30g/3tbsp olive oil 

118g/3/4 cup organic coconut sugar 

1 large, pasture raised egg 

132g/1 cup gluten-free oat flour 

36g/1/4 cup ground flax seeds

20g/ 1/4 cup organic raw cacao powder 

1 1/4 tsp baking powder

1/2 tsp sea salt 

120g/1 cup wild blueberries (fresh or frozen) 

120g/1/2 cup chopped pecans 

Preheat the oven to 350F and line a standard muffin tin with paper or silicone liners. In a medium bowl, whisk together the oat flour, flax meal, cacao powder, baking powder and salt. Add the blueberries and nuts, tossing to coat the blueberries in flour. 

In a large bowl, toss in the peeled bananas and smash with a whisk. Smash until mostly smooth with some chunks (we all likes some chunks). Add the olive oil, yogurt, coconut sugar and egg and whisk until smooth. 
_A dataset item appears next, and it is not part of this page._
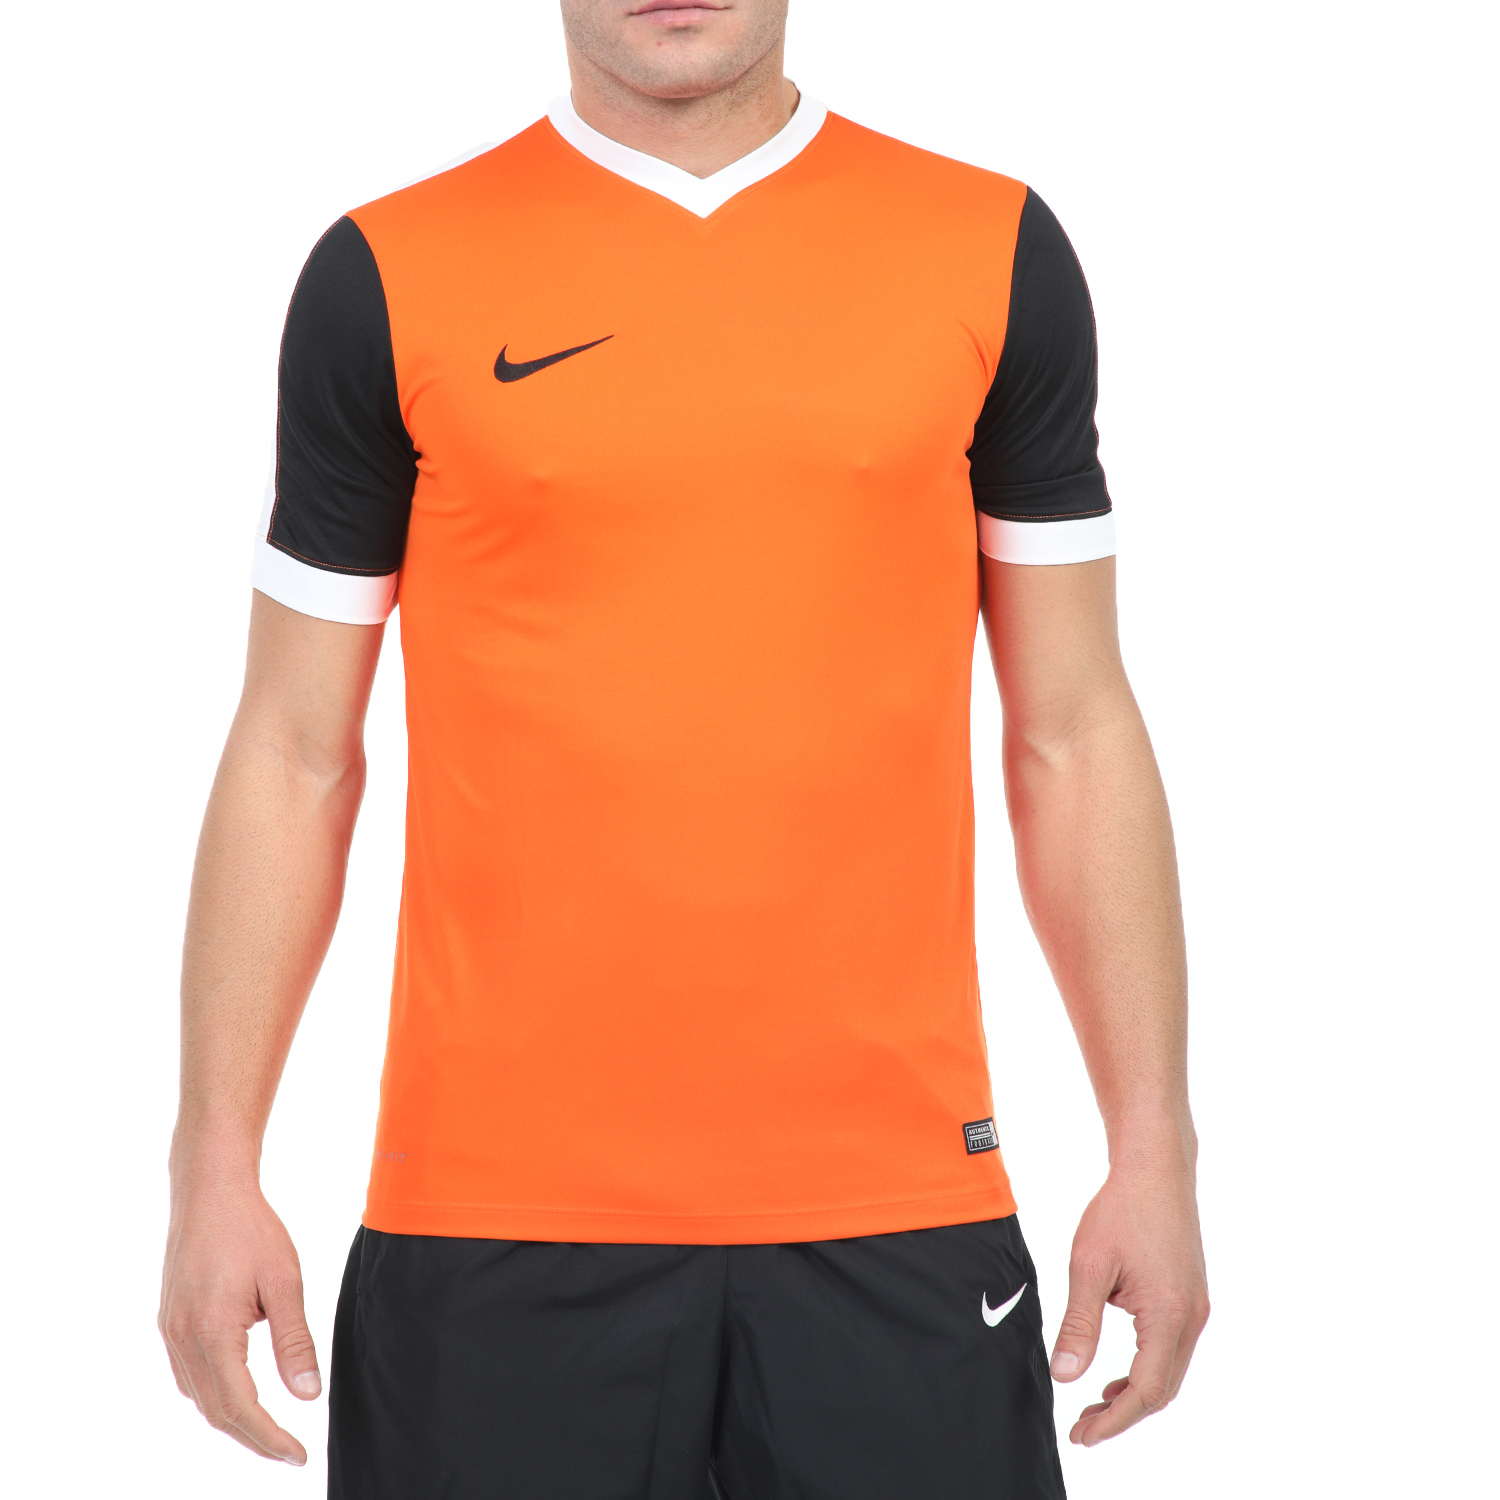 Ανδρικά/Ρούχα/Αθλητικά/T-shirt NIKE - Ανδρικό αθλητικό t-shirt NIKE STRIKER IV JSY πορτοκαλί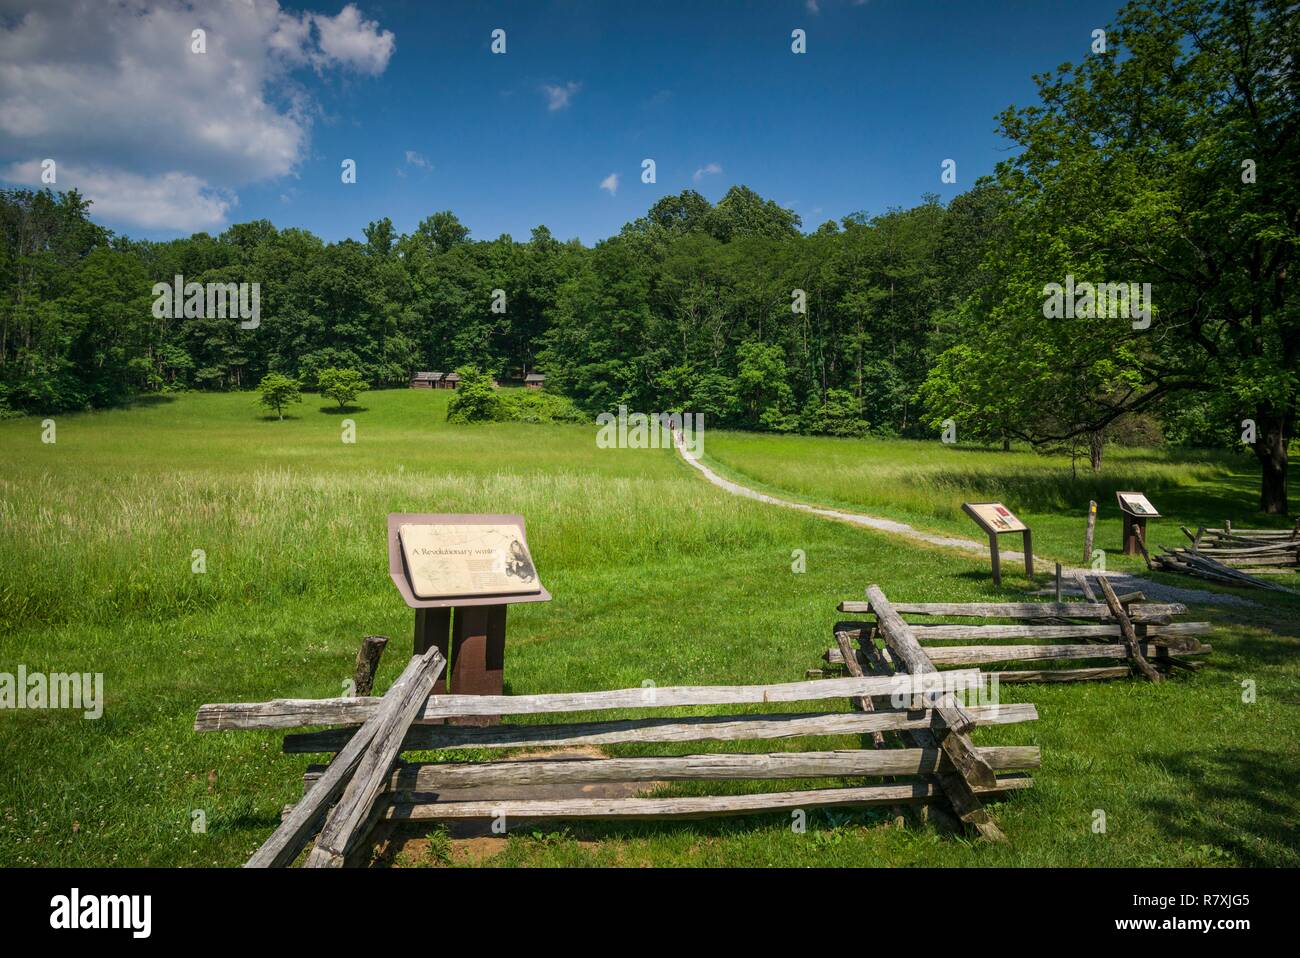 Stati Uniti, New Jersey, Morristown, Morristown National Historical Park, Jockey cava, winter camp e cabine sito utilizzata dai soldati americani durante la guerra rivoluzionaria americana Foto Stock

Add the dry ingredients to the wet ingredients and stir until just combined. Use a 2 tablespoon cookie scoop to dollop the batter into the prepared muffin pan. Top with more blueberries. 

Bake for 18 to 20 minutes, just until the middle of a muffin springs back after you press it gently with your finger. 

These are delicious warm from the oven or a day later, toasted, sliced and smeared with almond butter or cream cheese.